Becoming a certified nurse midwife requires a bachelor’s degree in nursing before beginning work on a master’s degree in nurse midwifery. Wadsworth had a bachelor’s degree, but not in nursing.

A bridge program at Bethel University in St. Paul, Minnesota, allowed her to take credits from her previous degree and combine them with a year of core nursing classes to obtain a bachelor’s degree in nursing.

“After completing my year of nursing courses successfully, I was then accepted into the masters program. So in May I will actually receive two degrees — a Bachelors of Science in nursing and a Masters of Science in nurse midwifery,” she said.

Wadsworth said her training includes a year and a half of clinical experience.

“We have to have so many births, so many well-woman exams, so many PAP smears, so many postpartum visits. So the last year and a half of our program we’re doing didactic work and doing clinical work. I’ll have over 1,000 hands-on patient hours when I’m done,” she said.

She did her first two semesters of clinical work with a midwife at the Winneshiek Medical Center in Decorah, where she works.

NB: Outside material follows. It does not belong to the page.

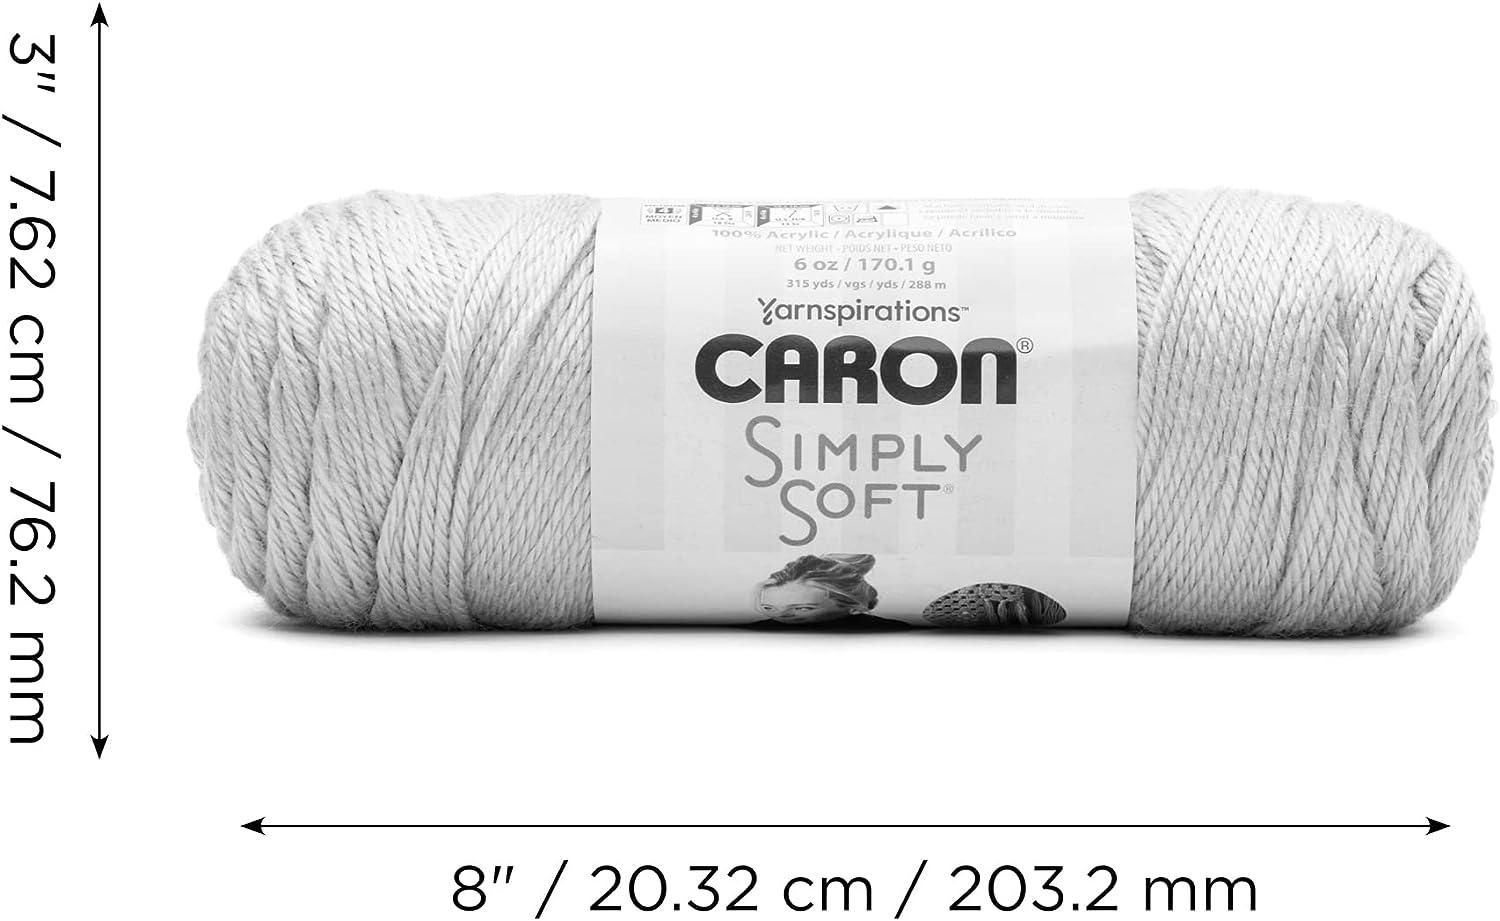 Caron Simply Soft Acrylic White Yarn 5.5 oz, size 4 yarn, approx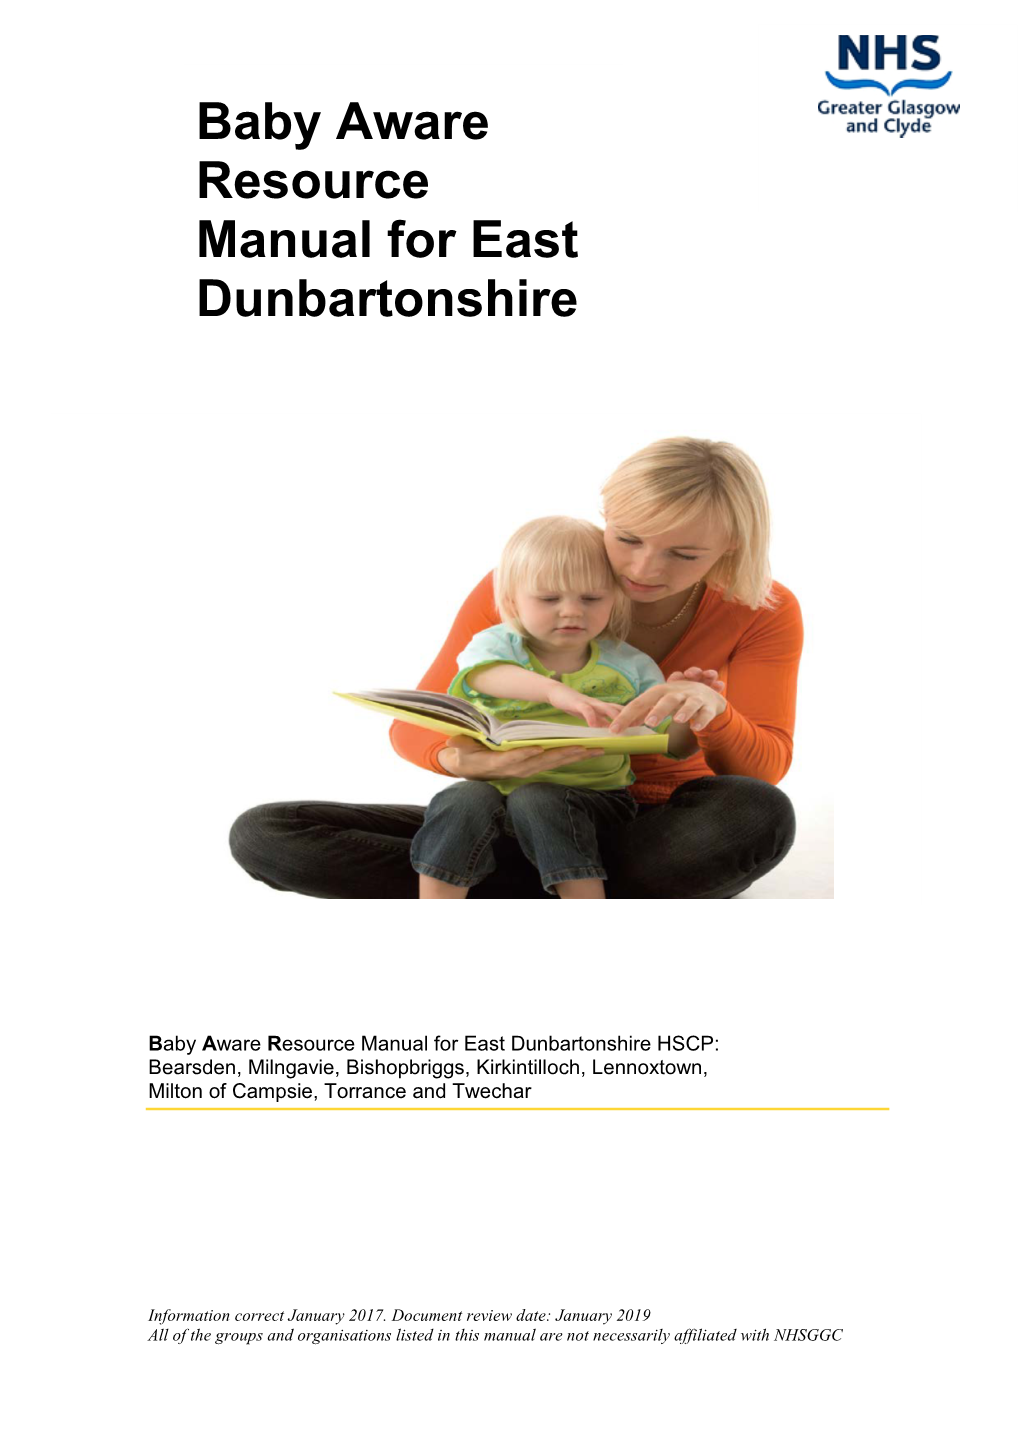 Baby Aware Resource Manual for East Dunbartonshire HSCP: Bearsden, Milngavie, Bishopbriggs, Kirkintilloch, Lennoxtown, Milton of Campsie, Torrance and Twechar

“This last semester is my integration semester and I’ve been down at MercyOne-Waterloo with a midwife there,” she said. “So I’ve seen a mixture of low- and high-risk patients between the two clinics.”

Wadsworth said she became aware that Floyd County Medical Center was looking for another midwife through a teacher at Bethel who had previously had Halbach as a student.

“She was in contact with her and she was like, ‘I have the perfect person for you,’ and so Judi invited me to apply and I applied and I met them and thought, ‘This is awesome. I can definitely see myself here. So it just kind of worked out.”

Wadsworth said she will graduate in a couple of weeks then take her board examinations in June. She isn’t sure how long after that it will take to complete her certification, but she plans to join the FCMC staff “this summer some time.”

She said she and Ed are planning to move to the area, and he is applying for teaching jobs. They have four children — daughter Remington, 9, and three sons, Gunnar, 7, Maverik, 2, and McHenry, 8 months.

Wadsworth said she’s looking forward to beginning her new career in Charles City.

“There is nothing more intimate than handing a baby that you just delivered over to its parents,” she said. “Being able to step back and watch them fall in love with this little bundle of joy that they hoped and prayed for, truly is a remarkable experience and I always feel honored that they have allowed me to be part of their special moment.”